Roger Vailland, résistant lui-même, connaît parfaitement les arcanes de cette vie dans l’ombre, les rendez-vous secrets, le cloisonnement entre les membres d’un groupe pour en assurer la sécurité maximum, les messages et les rapports transmis aux instances supérieures, les pseudonymes et les logements anonymes, toute une culture du secret et de la clandestinité.

Paris est occupé, la population souffre des restrictions alimentaires, mais des adresses connues des initiés seuls permettent de dîner aussi bien ou presque qu’avant guerre si on en a les moyens, s’y croisent mouchards, femmes vénales, occupants et résistants.
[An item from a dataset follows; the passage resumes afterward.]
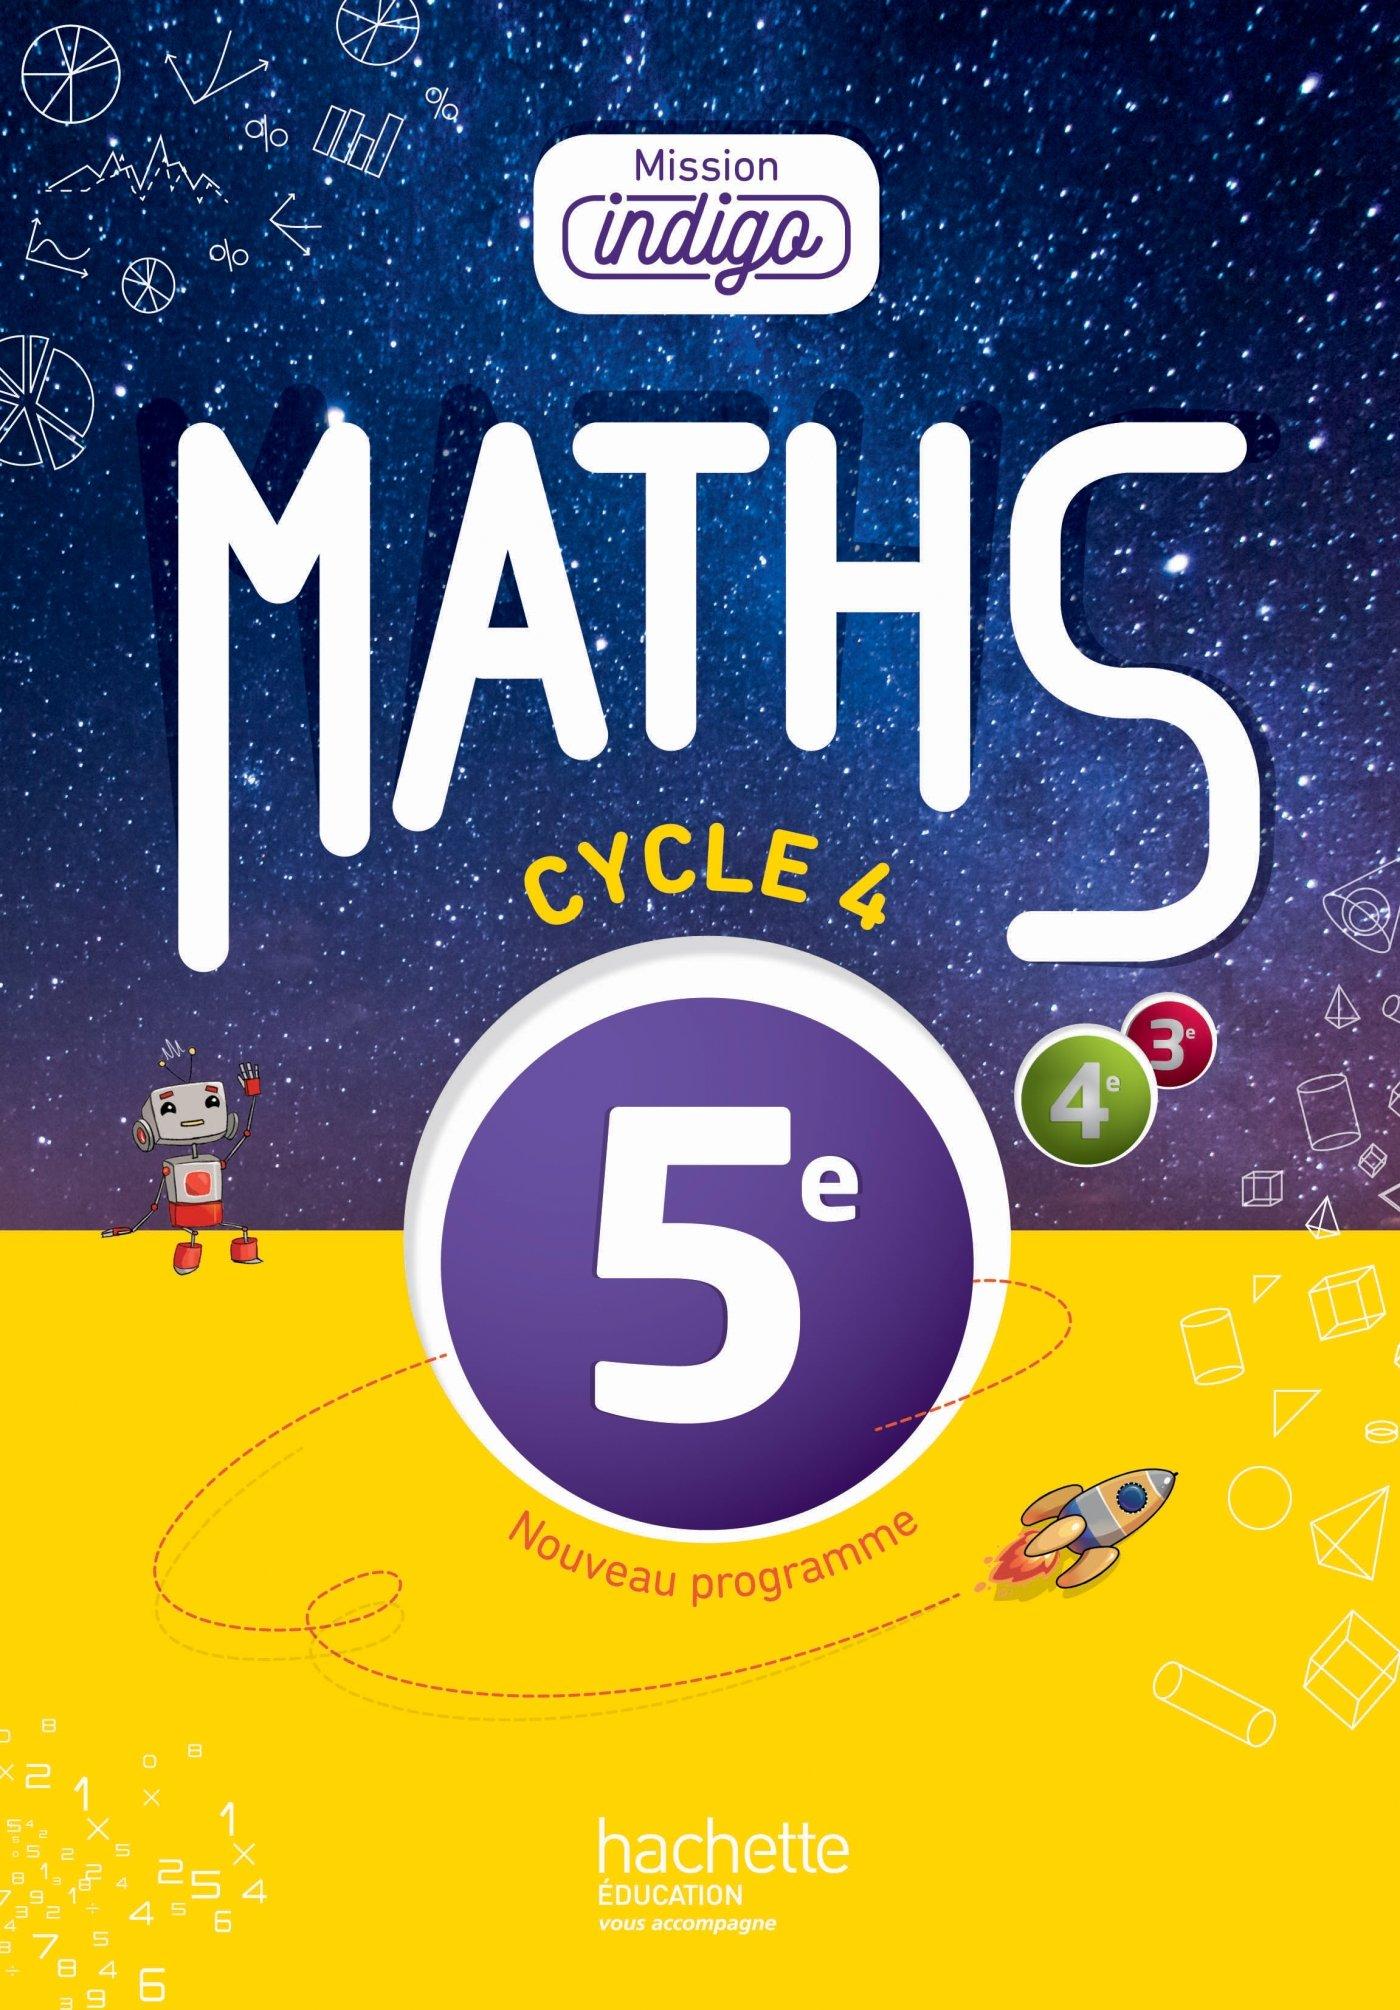 MISSION INDIGO MATHEMATIQUES CYCLE 4  5E - LIVRE ELEVE - ED. 2016 POCHE
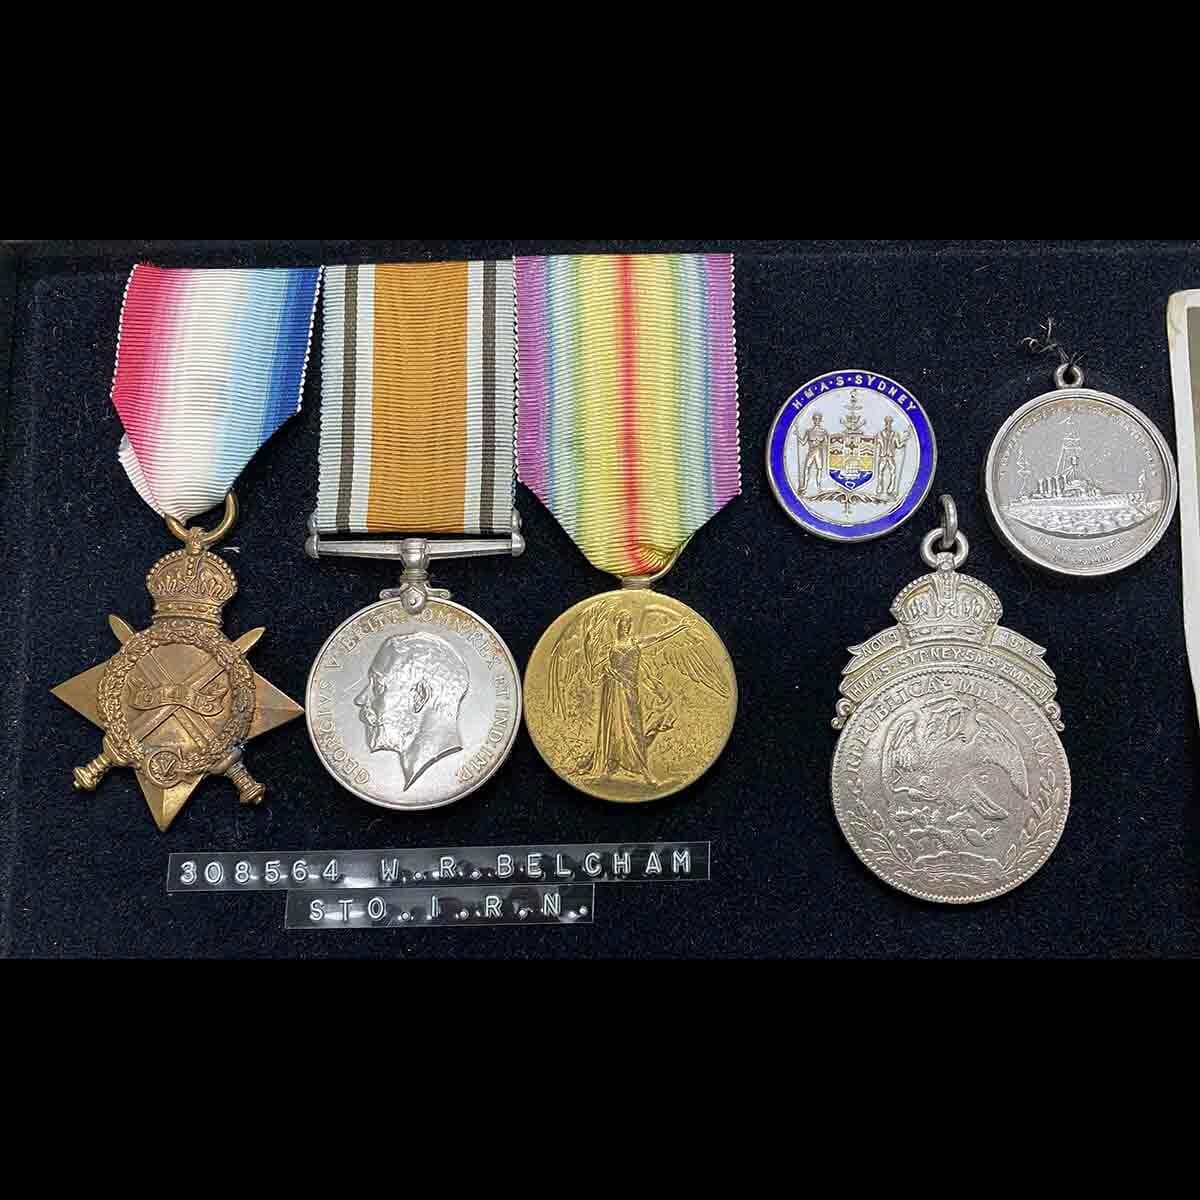 Sydney Emden Medal Group RAN Australia Original CREW 4

Marat, sorte de dandy libertin toujours à l’aise, s’y faufile avec souplesse et y mène comme les autres, un drôle de jeu où se mêlent cyniquement la mort et la séduction amoureuse.

Le roman est divisé en cinq chapitres, cinq journées non consécutives. Le rythme est enlevé, il est même léger si on considère le sujet, la lecture rapide. Aux évènements de la journée racontés par Marat, s’intercalent ses pensées ou des extraits de son journal, l’occasion pour Vailland de distiller des réflexions politiques (« Le révolutionnaire est celui qui ne se résigne pas au malheur de l’homme ») ou psychologiques et surtout des méditations sur les grands thèmes de nos existences, la vie/la mort, l’amour.  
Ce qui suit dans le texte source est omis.